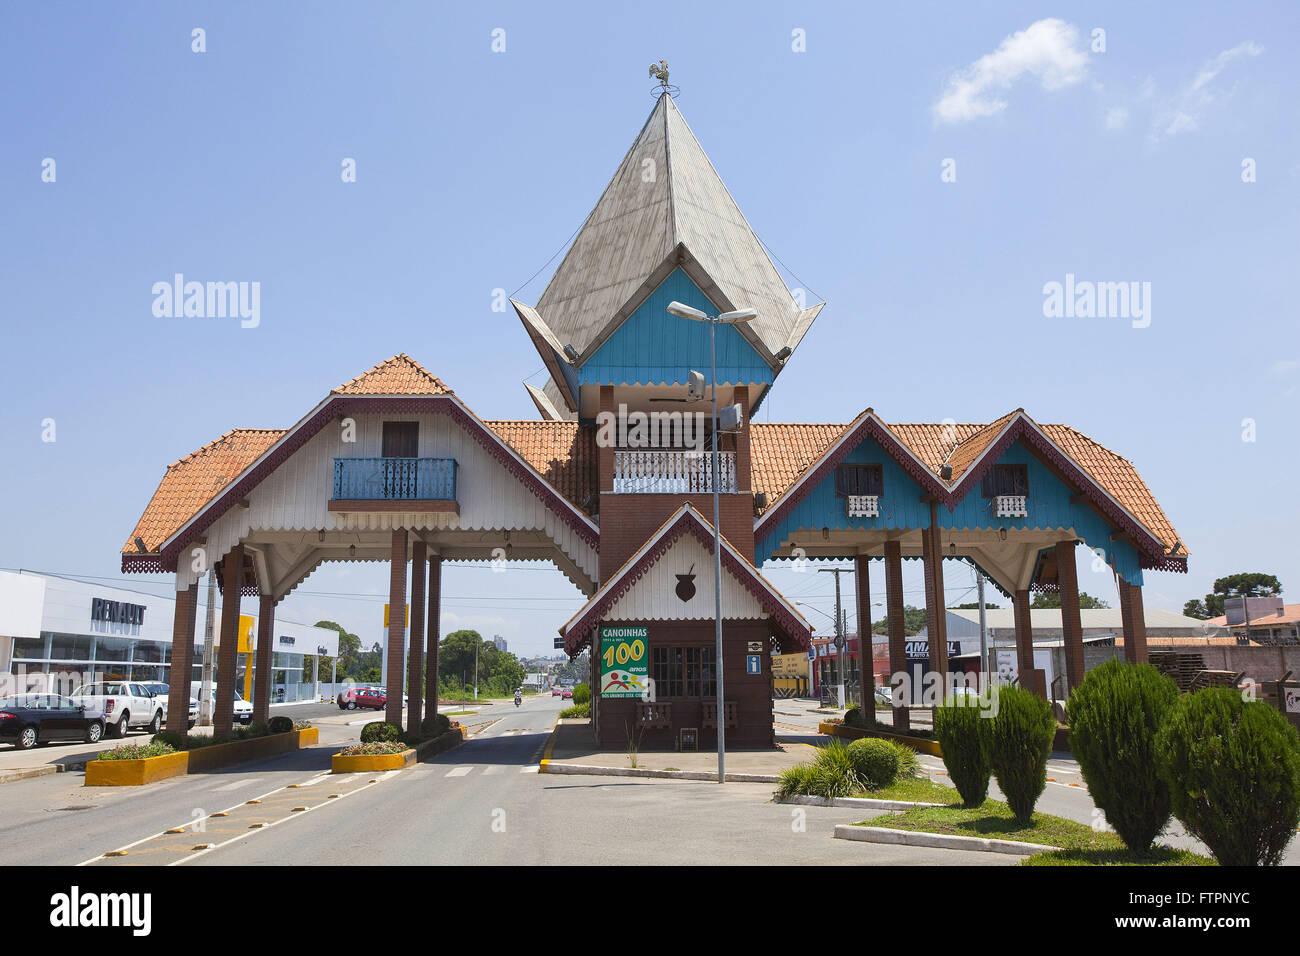 Portico visit the city built in the Slavic style - predominant colonization Stock Photo
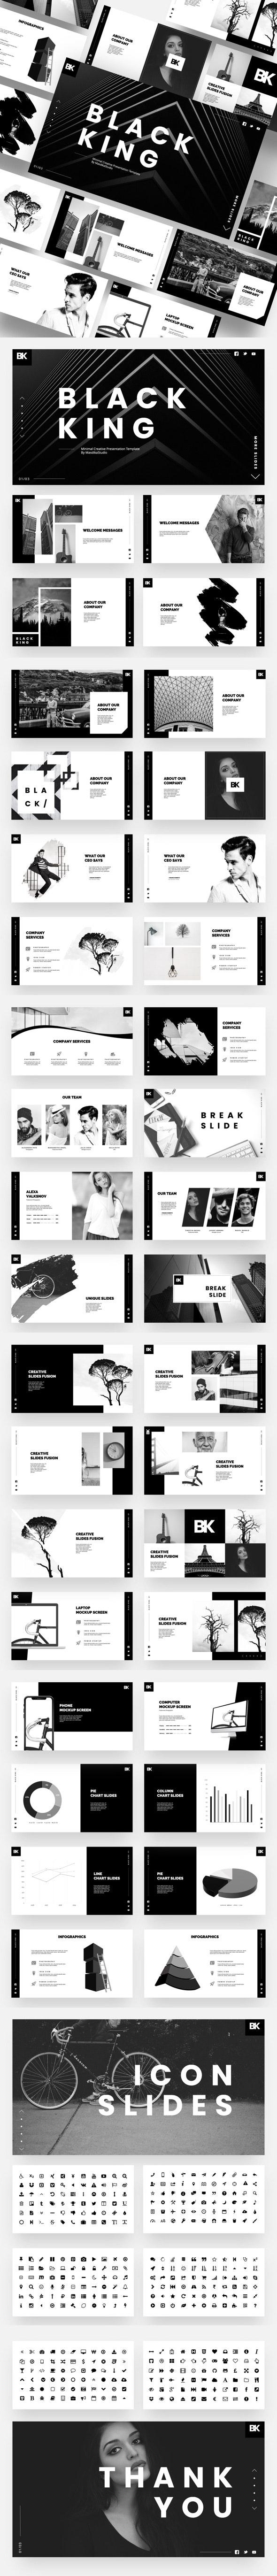 Black King - Minimal Creative Google Slides Template - Google Slides Presentation Templates
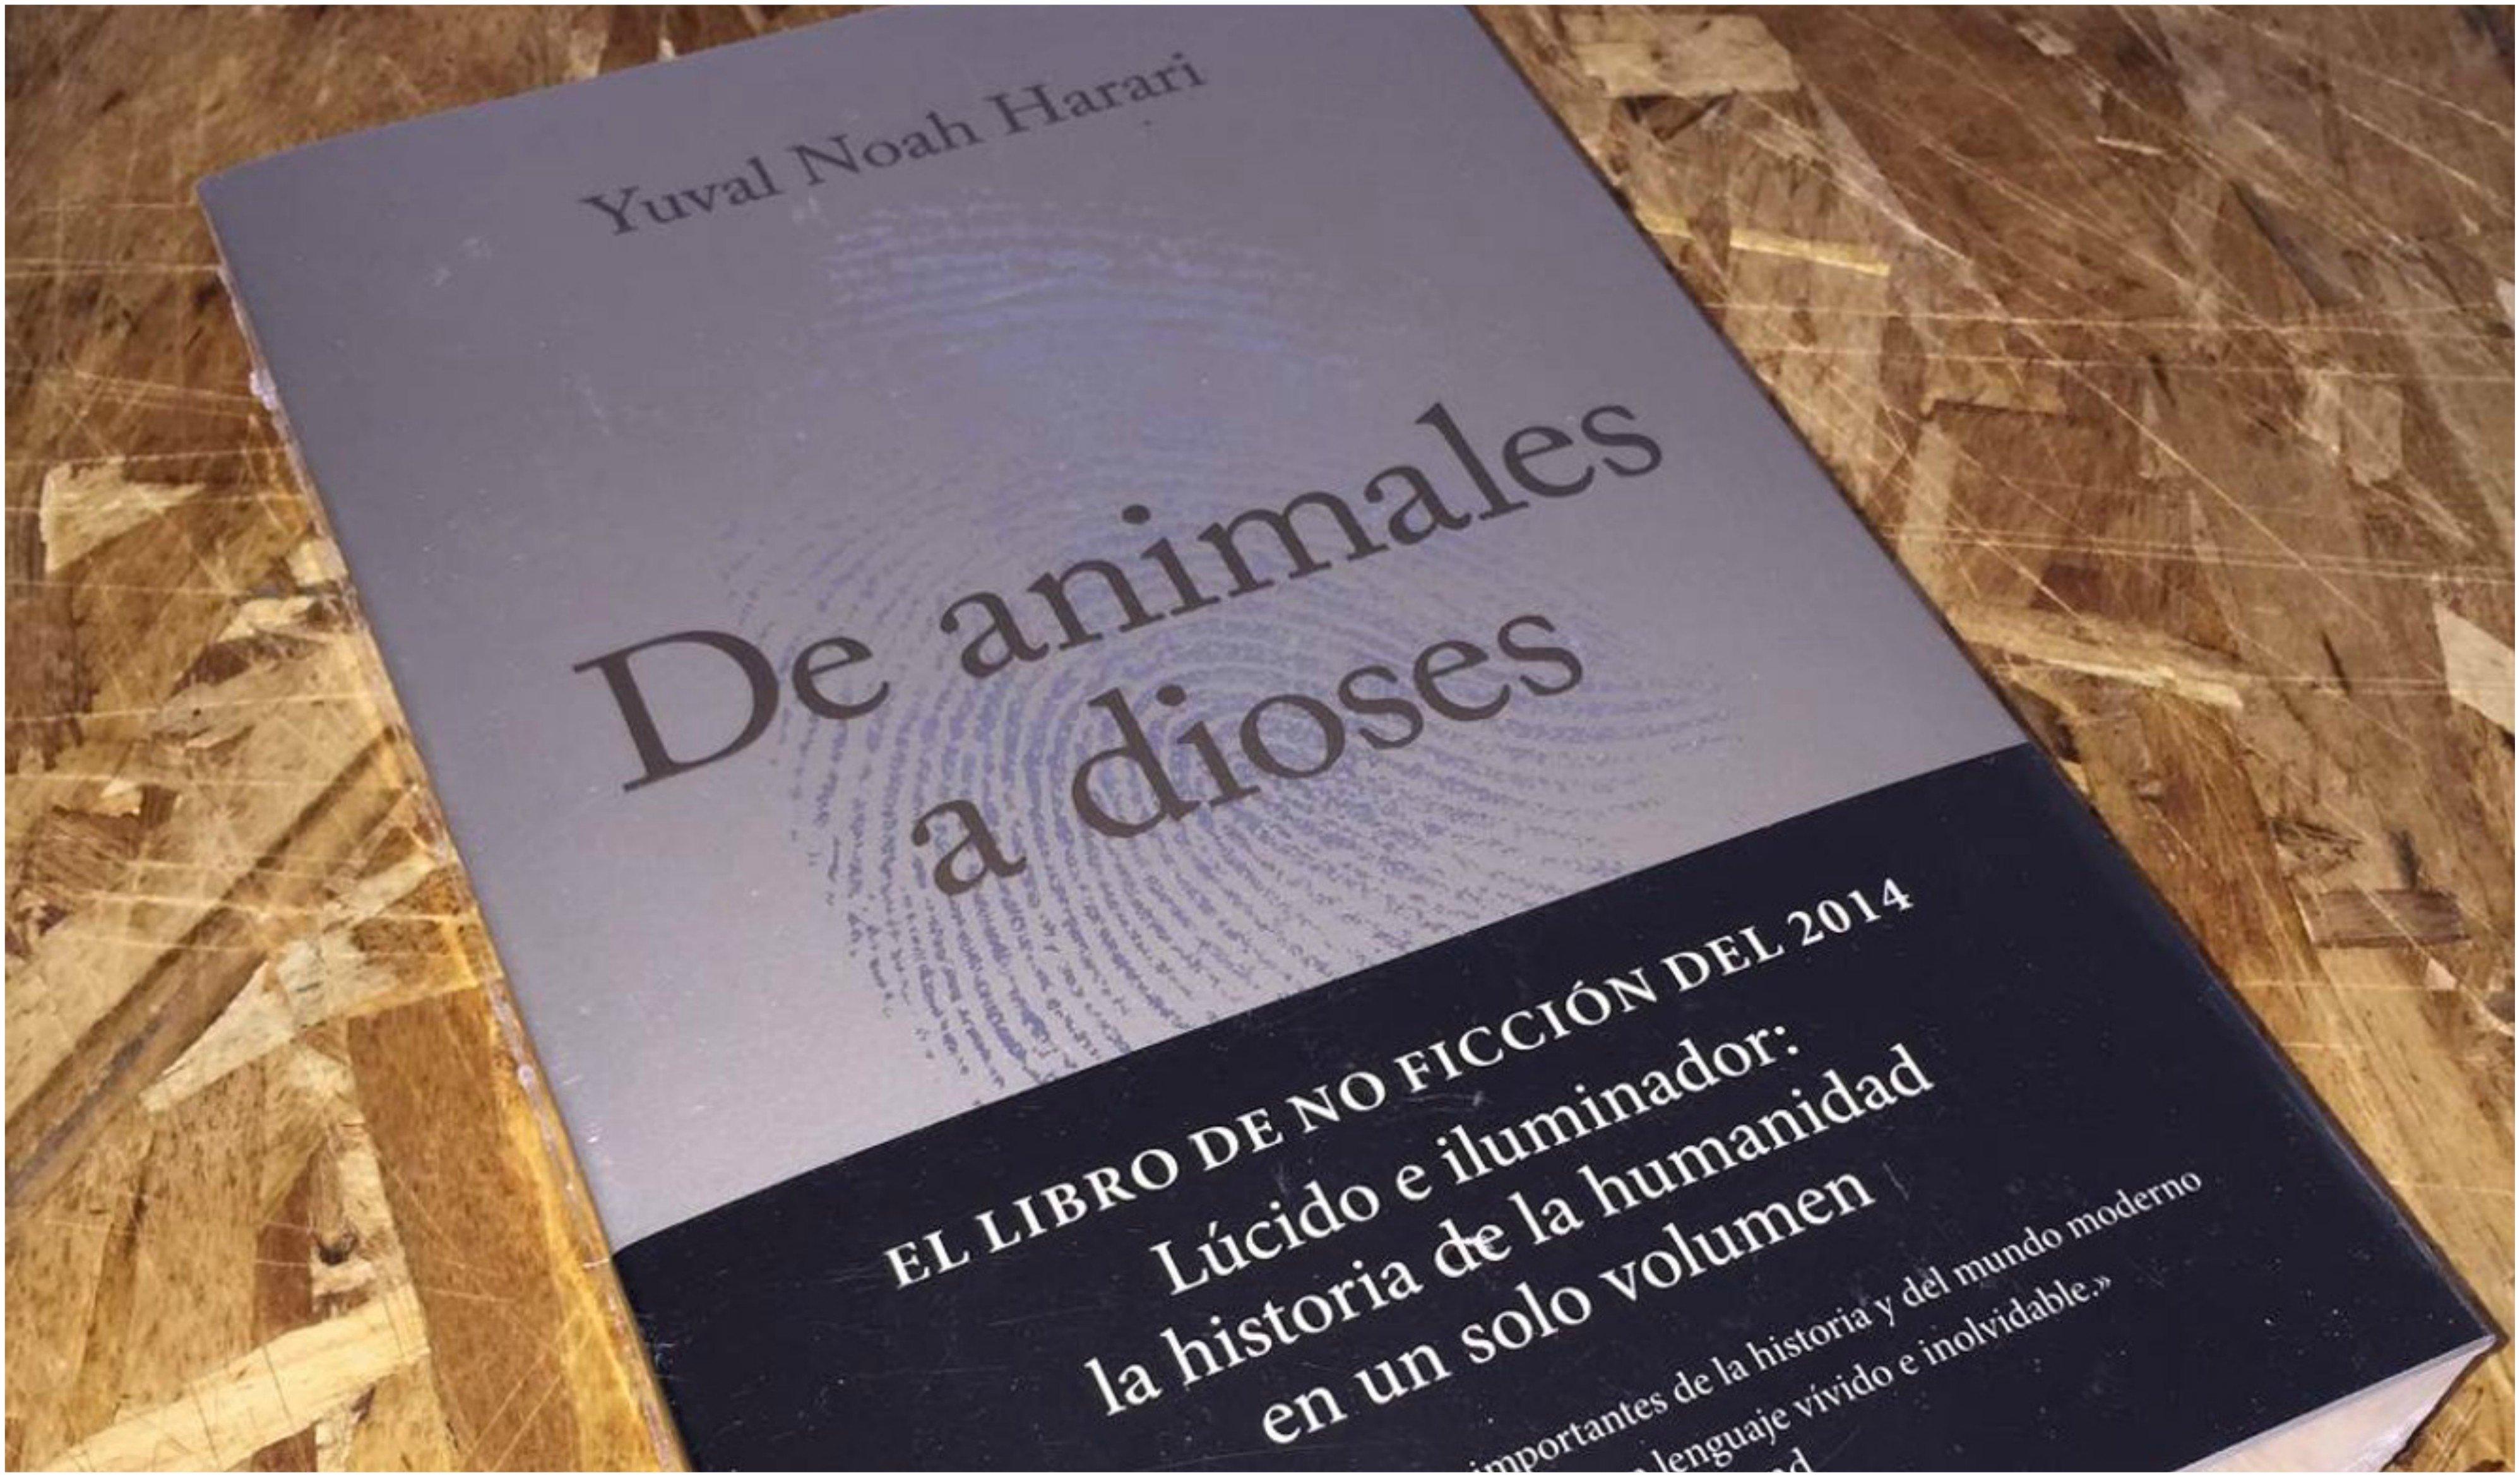 'De animales a dioses'

**TASK STATEMENT:** The output should be the material above, copied exactly, without its pictures.

**REPLY TO THE EXERCISE:**
 Portico visit the city built in the Slavic style - predominant colonization Stock Photo
 Black King - Minimal Creative Google Slides Template - Google Slides Presentation Templates
 'De animales a dioses'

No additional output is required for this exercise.